* Task goal *
Only the pictures are to be omitted; everything else in the listing must be reproduced exactly.

* Material provided *
########################################

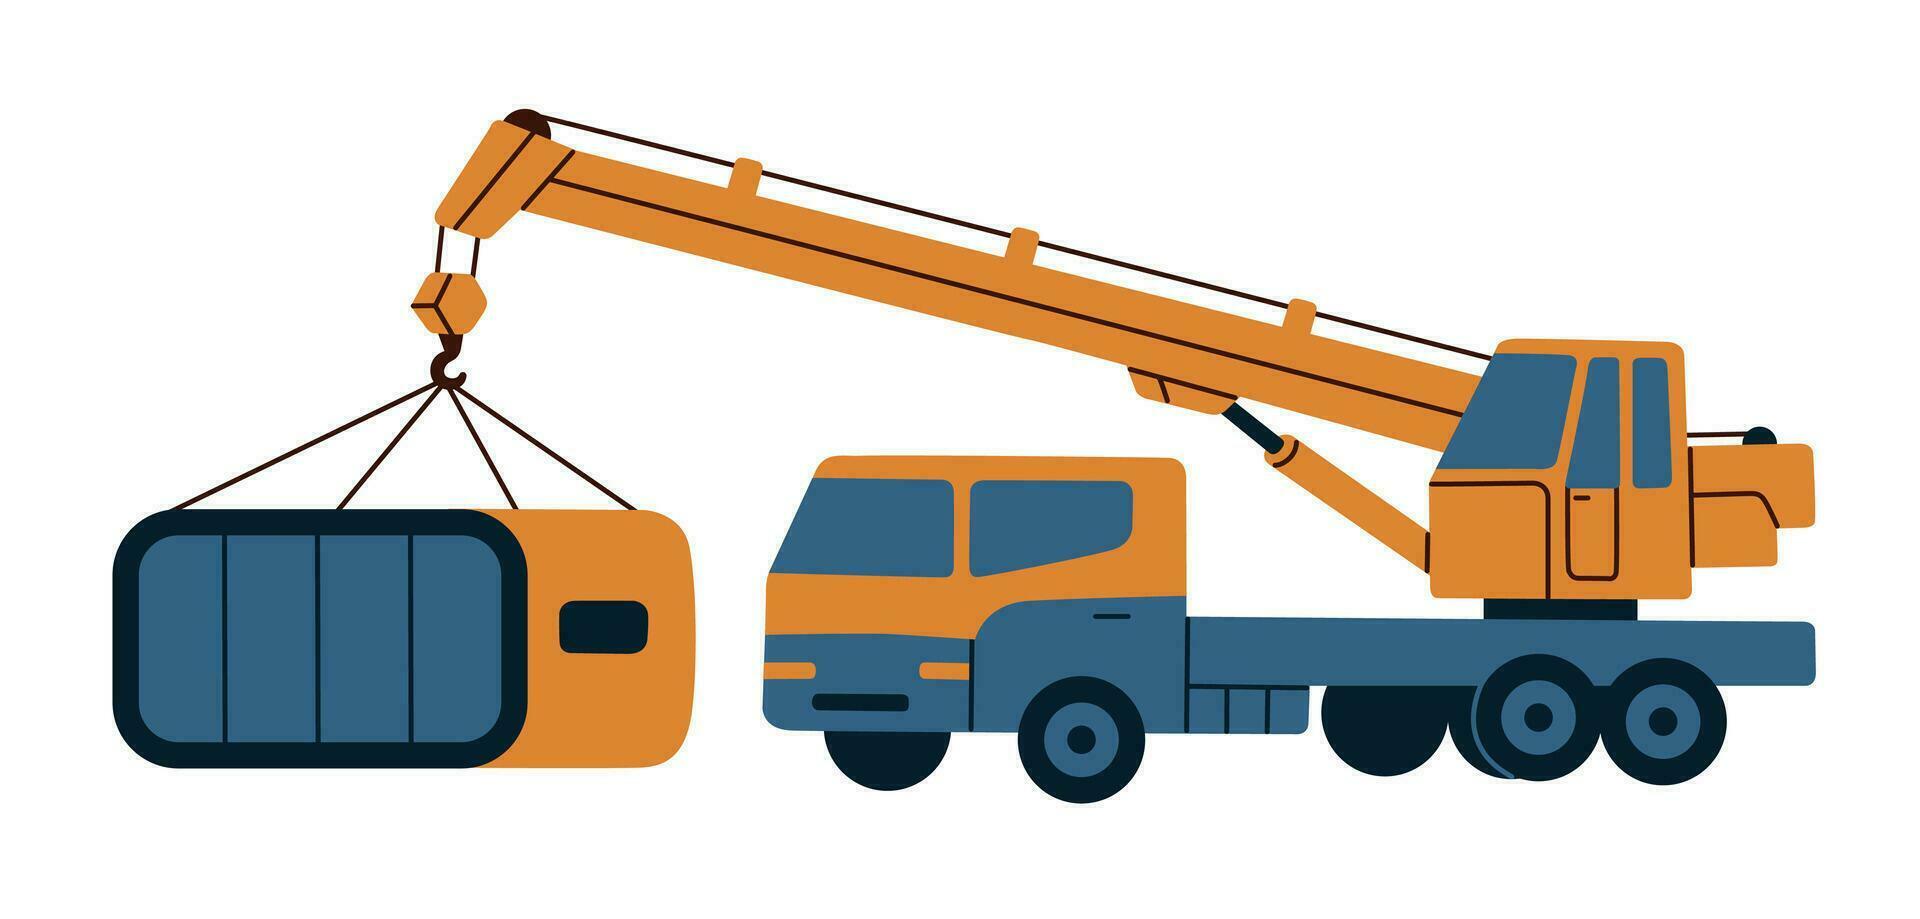 Truck crane lifts assembled modular home. Flat vector illustration on white background.
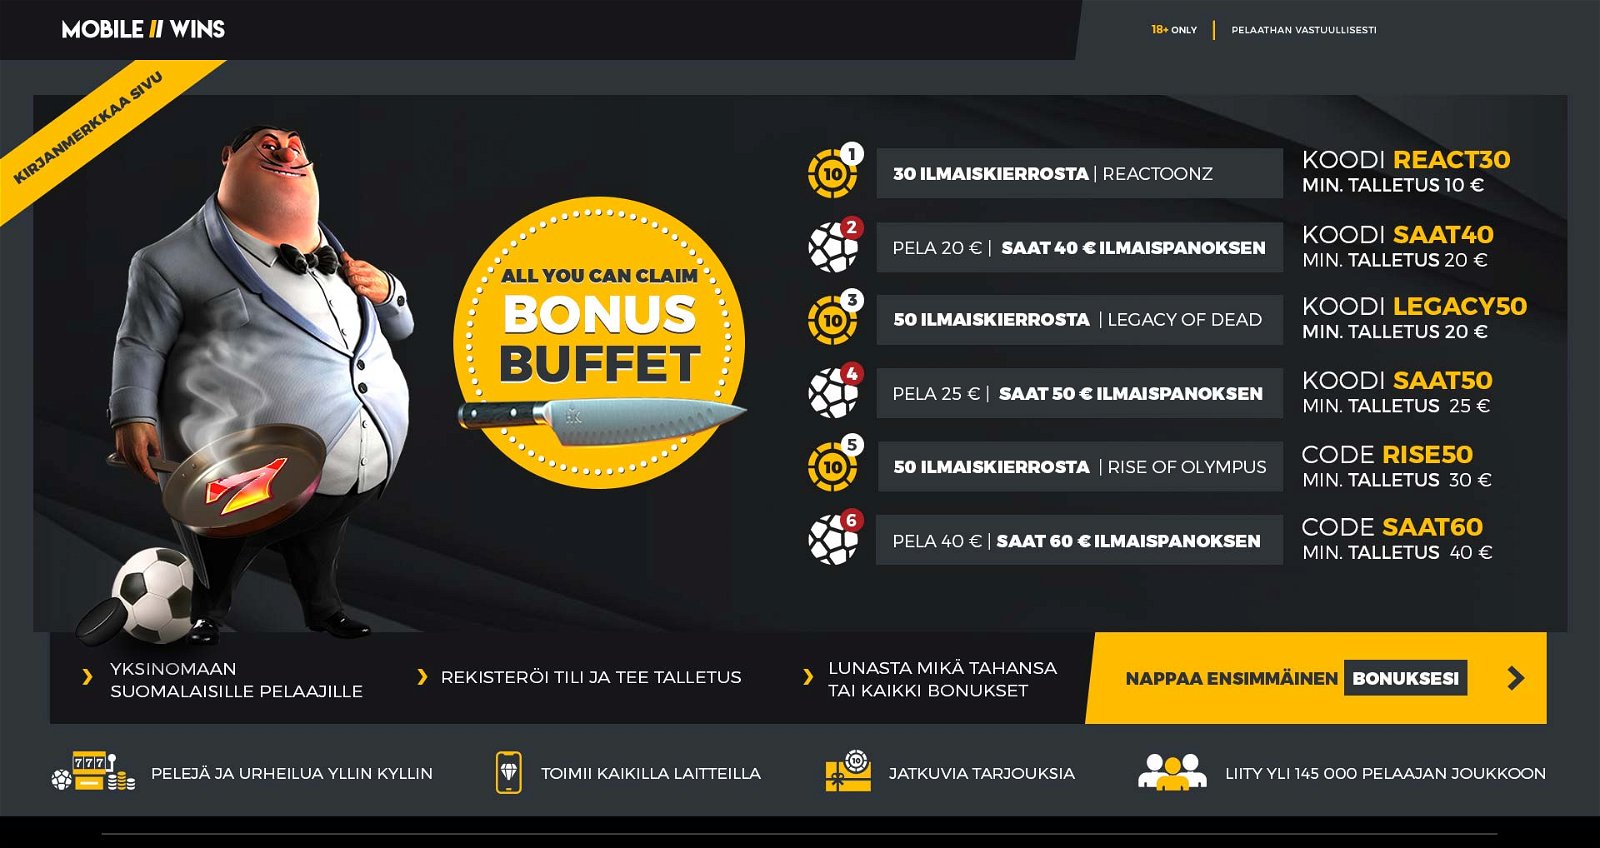 Casino & Sports | NP | Bonus Buffet | FI
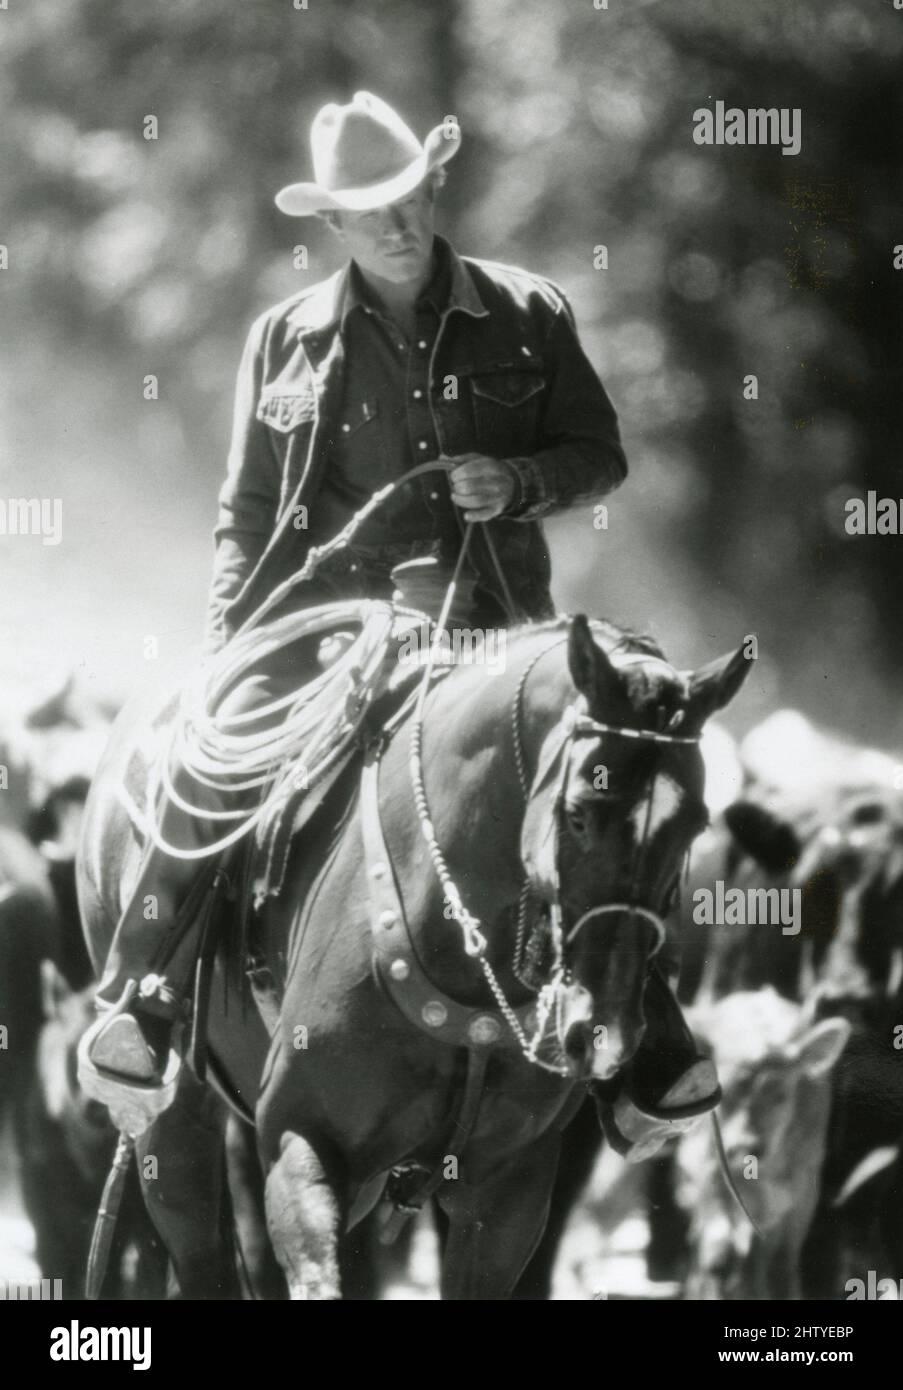 El actor estadounidense Robert Redford en la película The Horse Whisperer, USA 1998 Foto de stock

########################################

* Answer for this exercise *
 Truck crane lifts assembled modular home. Flat vector illustration on white background.
 Casino & Sports | NP | Bonus Buffet | FI
 El actor estadounidense Robert Redford en la película The Horse Whisperer, USA 1998 Foto de stock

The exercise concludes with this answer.